Brian Moore has started 2 posts and replied 66 times.

Post: Questions about raising Private Money

Brian MoorePosted
  • Investor/Syndicator
  • Downers Grove, IL
  • Posts 80
  • Votes 78
Lukasz - My answers are inserted below in underlined bold...

Originally posted by @Account Closed:

Hi All, 

As a new investor, I have a couple of questions regarding raising private money. My business partners and I are putting together a pitch and list of who we would like to start approaching to fund our deals. We have seen many properties and can actually make moves on a couple the only restriction is that we do not have the capital to do it ourselves. We came upon a couple questions that I thought the biggerpockets community members would be a perfect source for. Please review the list of questions below, any help and feedback from past experience is appreciated as I am sure we can learn from all of you. I know that some of these might be beginner questions but I wanted to get an understanding of the different type of scenarios that can arise during this process.

- If an investor wants to invest with us, how do we go about having the individuals contractually bind to the investment, if at all? 

This question is "the cart before the horse" since your title is raising Private Money but your questions revolve around a Private Placement. Answering from the perspective of a Private Placement - you will send your potential investors a subscription agreement, private placement memorandum and other investment docs prepared by your attorney. Typically when they sign the subscription agreement they are on the hook.

- Should we wait till we have investment opportunities to start raising private money or do we go about pitching private money without opportunities yet? Being a beginner this is something that will be a huge obstacle for us, so I wanted to know how some of you overcame that obstacle? Property first then pitch, or pitch first and look for properties, or 50/50 etc.? 

I would say you should have closer to 75% committed investors before you find your first deal. Keep in mind that once you put a real deal in front of people you will find that several will not go forward for various reasons. I would have an investor pool large enough to oversubscribe the deal by 125% (I recommend using all accredited investors), if you get more than the 100% needed your subscription agreement should give you authority to reject investors.

- Once a deal is found, who's funds out of the investment pool are used first, is there a priority based on the money raised. For example, if we raise 50K but only need 30K, how is that decided on who's funds we utilize first for the deal? Not wanting to leave anyone out of the deal who wants to participate, not sure how that step of the process works. 

See answer above.

- When pitching for private money do we pitch from the angle of it being an investment pool, asking if the investor would be interested and then once we are finding deals we send those deals to all the investors we met with and see if they are willing to join in on it? or is it suggested that we come to the table with properties and/or pitch an individual property?

You need to have your documents done first. A good attorney will run you $8-12k for the Private Placement documents, which you can generally re-use for future deals. Your first deal needs to be a really good deal and you must show large returns to investors (subjugating your fees and returns as necessary to make investors comfortable). Once you have a deal under contract with the longest attorney review period you can get (2-3 weeks), send out your investment docs to as many accredited folks as you know with a deadline to invest. Get your investors funds up front. If you don't have 100% of the equity you need before the atty review expires it is decision time.

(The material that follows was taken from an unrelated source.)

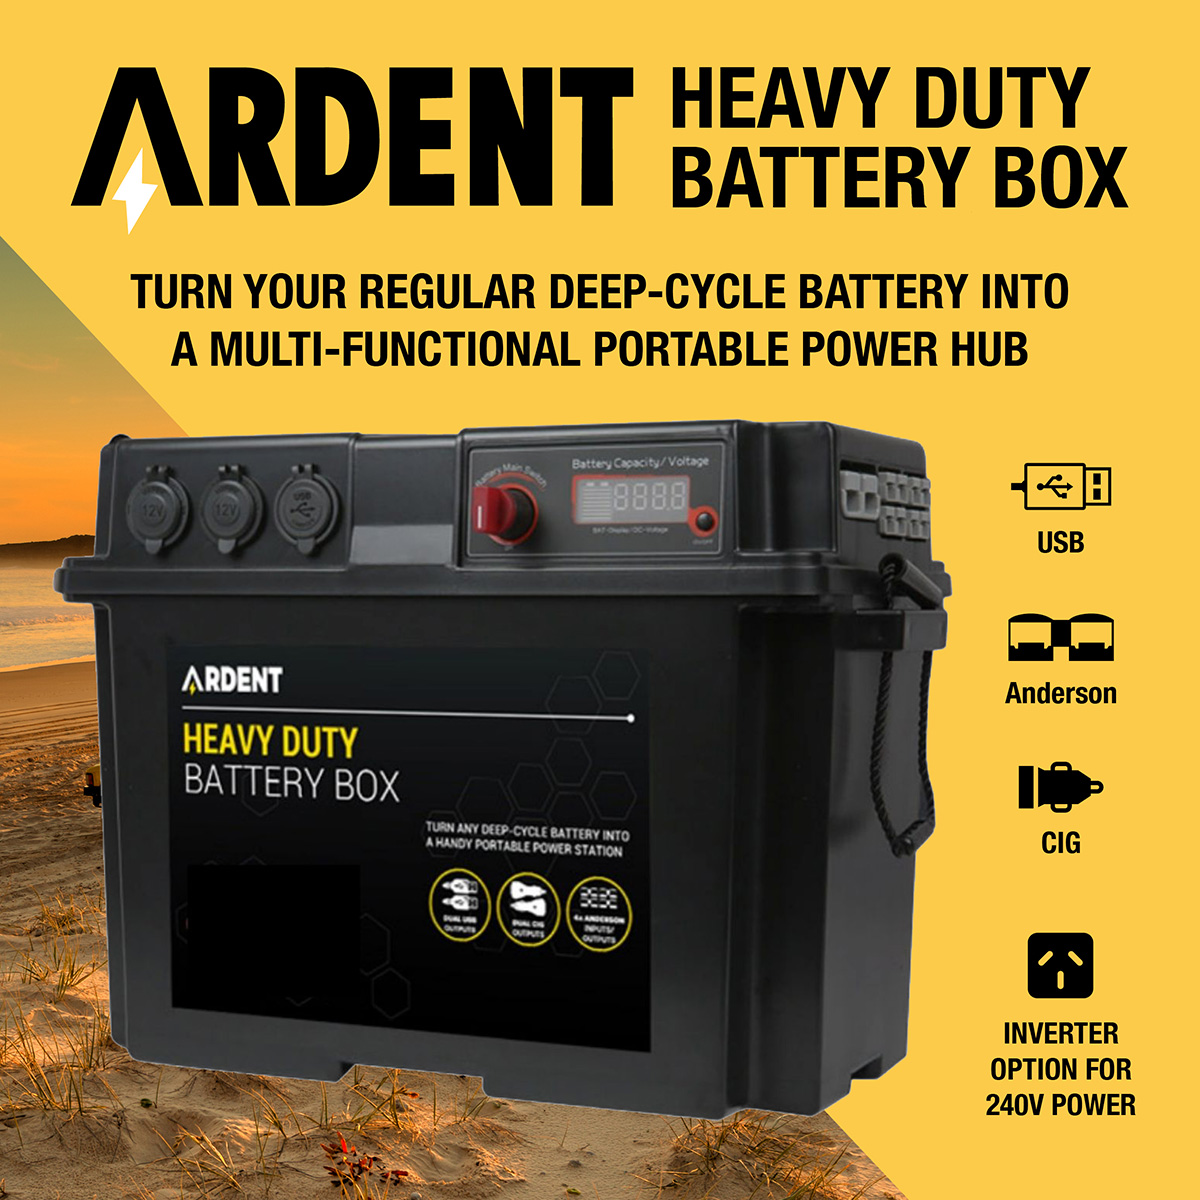 Inverter and Battery Box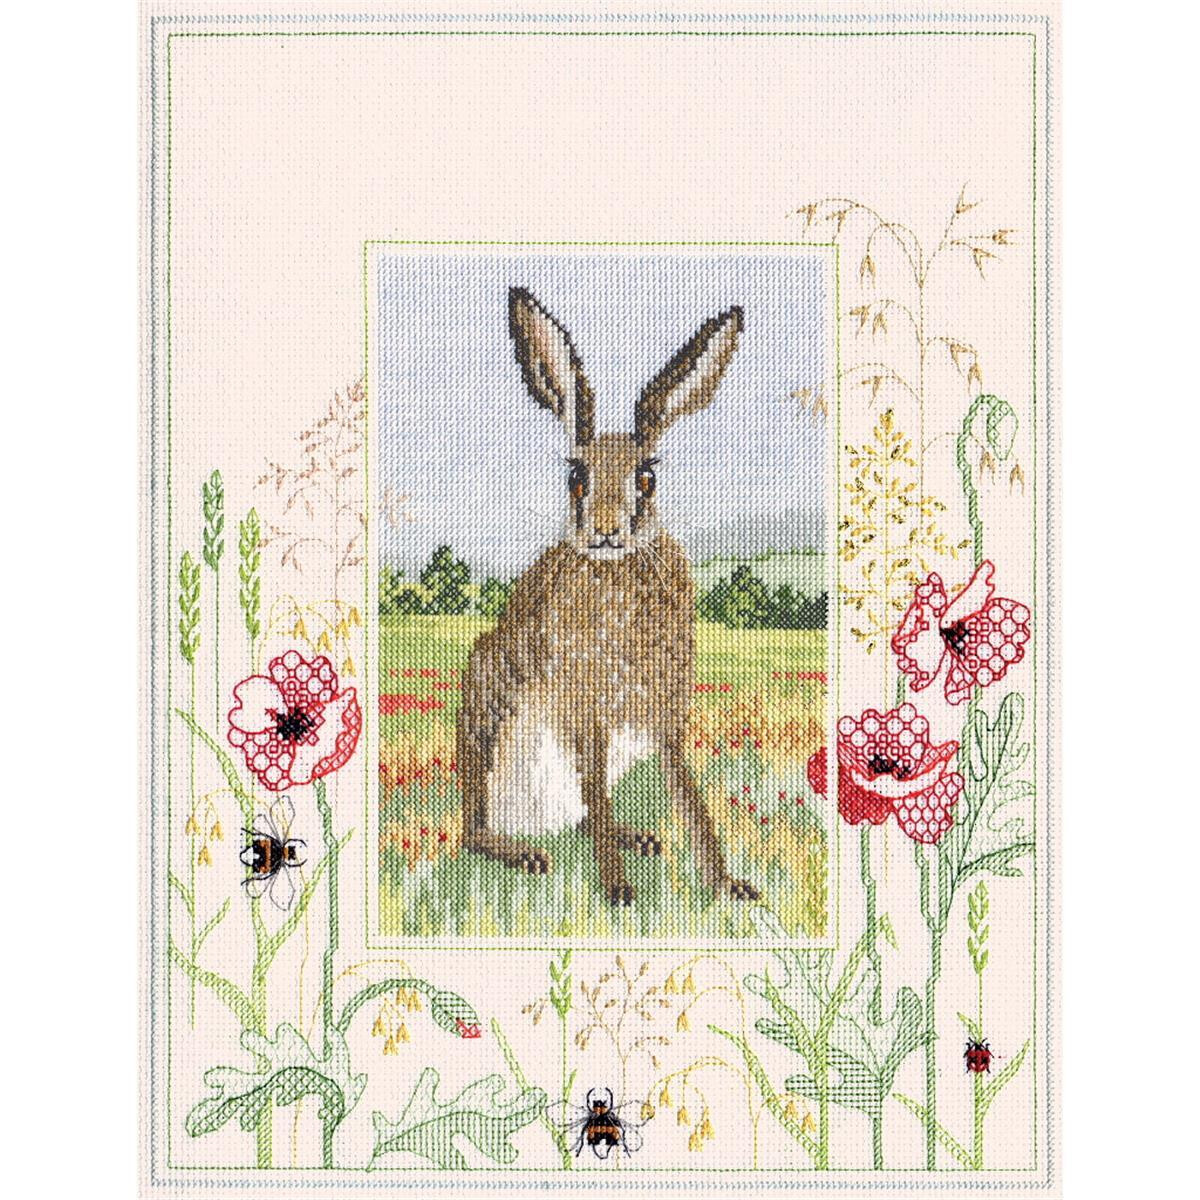 A detailed embroidery pack embroidery from Bothy Threads...

- If a deal were to go sour and multiple investors are in on it, how is the money divided up to pay them back, do they sell the property and divide the proceeds? or is the property foreclosed and upon sale the dividends are allocated between the investors?

If the deal goes sour there may not be any money to pay investors. If it is foreclosed upon the investors will ALMOST DEFINITELY not get any money. Your investment documents will spell out how the returns are split. If you are invested you may set it up so that you don't receive any of your investment back until the other investors are made whole. In a worst case situation, you may need to pay investors from your own pocket to keep them for future deals, otherwise your business model won't sustain itself and this was a failed venture. It is wise to expect the best (happy repeat investors) but prepare for the worst. 

Thanks again for your help and I look forward to hearing back all your feedback.

-Luke

 I wish you luck in your endeavor.

Brian

Post: 1% Rule Multi-family Properties – Where are you hiding them, Chicago!?

Brian MoorePosted
  • Investor/Syndicator
  • Downers Grove, IL
  • Posts 80
  • Votes 78

@Danny Duran You have to understand the true market rent, not the current lease rent, since many long-term landlords that have 'vintage' 3-flats prefer the "easy" way of renewing leases at a $20-40 bump instead of increasing all the way to market. I expect (recommend) you will be doing some rehab which will increase the rents further and allow you to come closer to your 1%.  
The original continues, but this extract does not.